C: 0.020% or more and 0.200% or less;

Mn: 0.20% or more and 2.00% or less;

P: 0.003% or more and 0.030% or less;

S: 0.0001% or more and 0.0100% or less;

Al: 0.001% or more and 0.100% or less; and

Sn: 0.005% or more and 0.200% or less

With containing

Cu: 0.010% or more and 0.50% or less;

Ni: 0.010% or more and 0.50% or less;

W: 0.005% or more and 1.000% or less;

Sb: 0.005% or more and 0.200% or less; and

Si: 0.05% or more and 1.00% or less

It contains one or two or more selected from, and has a component composition with the balance consisting of Fe and unavoidable impurities,

Structural steel with a Sn segregation degree of 20 or less.

Here, Sn segregation degree is defined by following formula (1).

[Sn segregation degree] = [Sn concentration of Sn segregation part] / [average Sn concentration] --- (1)

2. The structural steel according to 1 above, wherein the thickness of the Sn segregation portion in the plate thickness direction is 50 μm or less.

3. The structural steel according to 1 or 2 above, wherein the ST value defined by the following formula (2) is 1.50 or less.

ST=10000×[%S]×[%Sn] ² ---(2)

Here, [%S] and [%Sn] are the contents (mass%) of S and Sn in the above component composition, respectively.

4. The component composition, further, in mass%,

Mo: 0.500% or less and

Co: 1.00% or less

The structural steel according to any one of 1 to 3 above, containing one or two selected from

5. The component composition, further, in mass%,

Ti: 0.050% or less;

V: 0.200% or less;

Nb: 0.200% or less and

Zr: 0.100% or less;

The structural steel according to any one of 1 to 4 above, containing one or two or more selected from

6. The component composition, further, in mass%,

B: The structural steel according to any one of 1 to 5 above, containing 0.0050% or less.

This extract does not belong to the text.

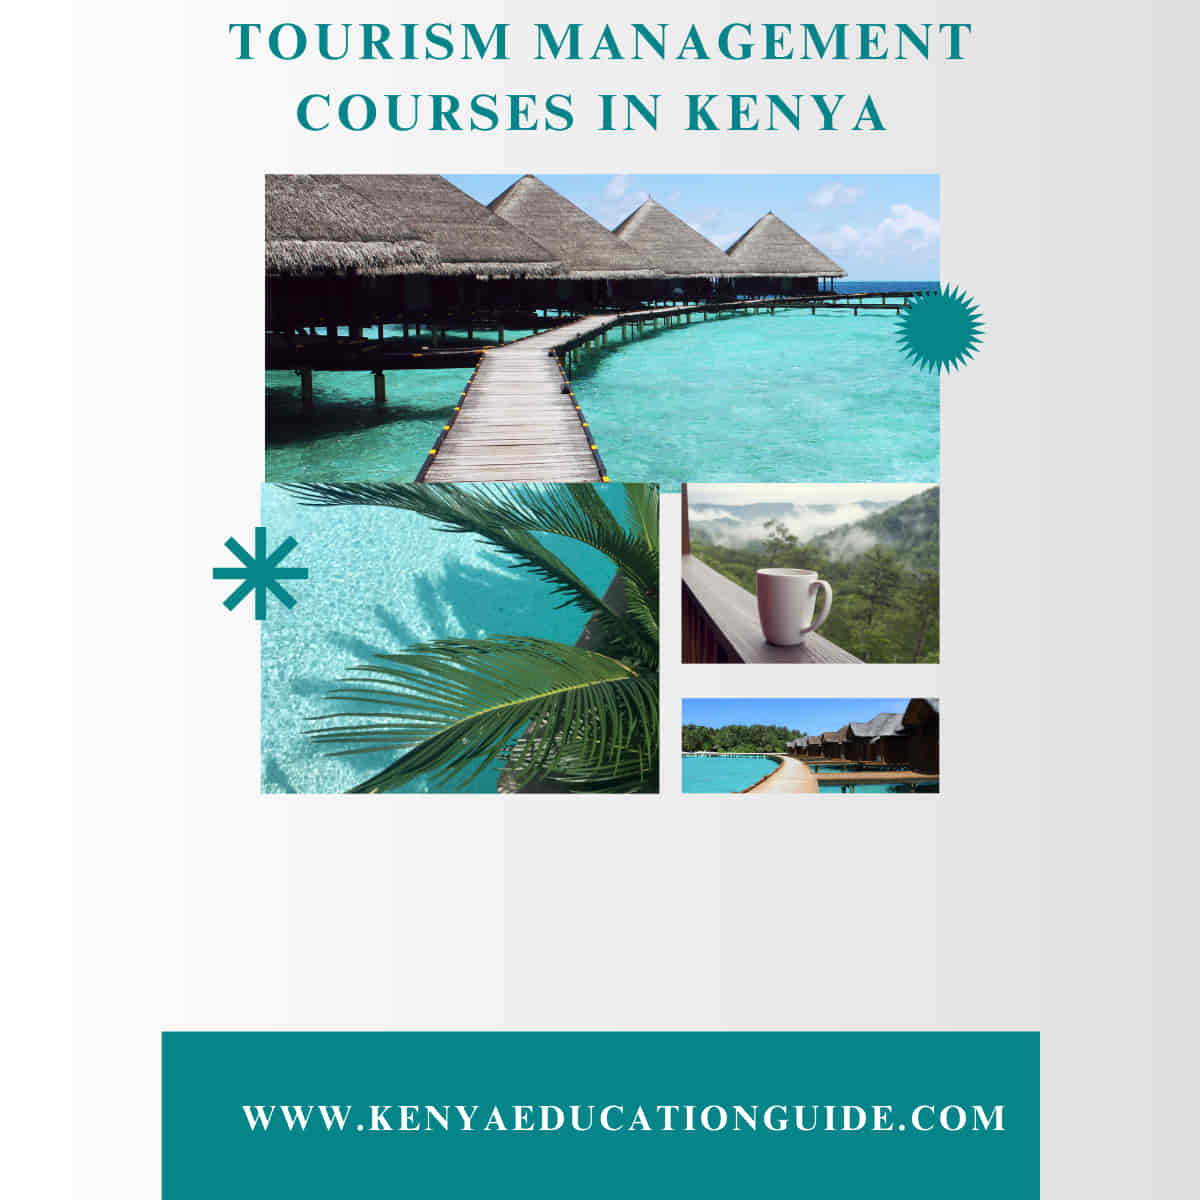 Tourism management courses in Kenya

7. The component composition, further, in mass%,

Ca: 0.0100% or less and

Mg: 0.0100% or less;

The structural steel according to any one of 1 to 6 above, containing one or two selected from

8. Structural steel materials according to any one of 1 to 7 above, having a coating film on the surface.

9. The coating film has an anticorrosive base layer, an undercoat layer, an intermediate coating layer and a top coat layer,

The anticorrosion base layer uses inorganic zinc-rich paint, the first coat layer uses an epoxy resin paint, the middle coat layer uses a fluororesin top coat paint, and the top coat layer uses a fluororesin top coat paint. Structural steel materials according to 8 above.

10. The structural steel according to any one of 1 to 7 above, having a zinc-rich primer layer on the surface.

11. A structure formed using the structural steel materials described in any one of 1 to 10 above.

12. The structure described in 11 above, which is a bridge.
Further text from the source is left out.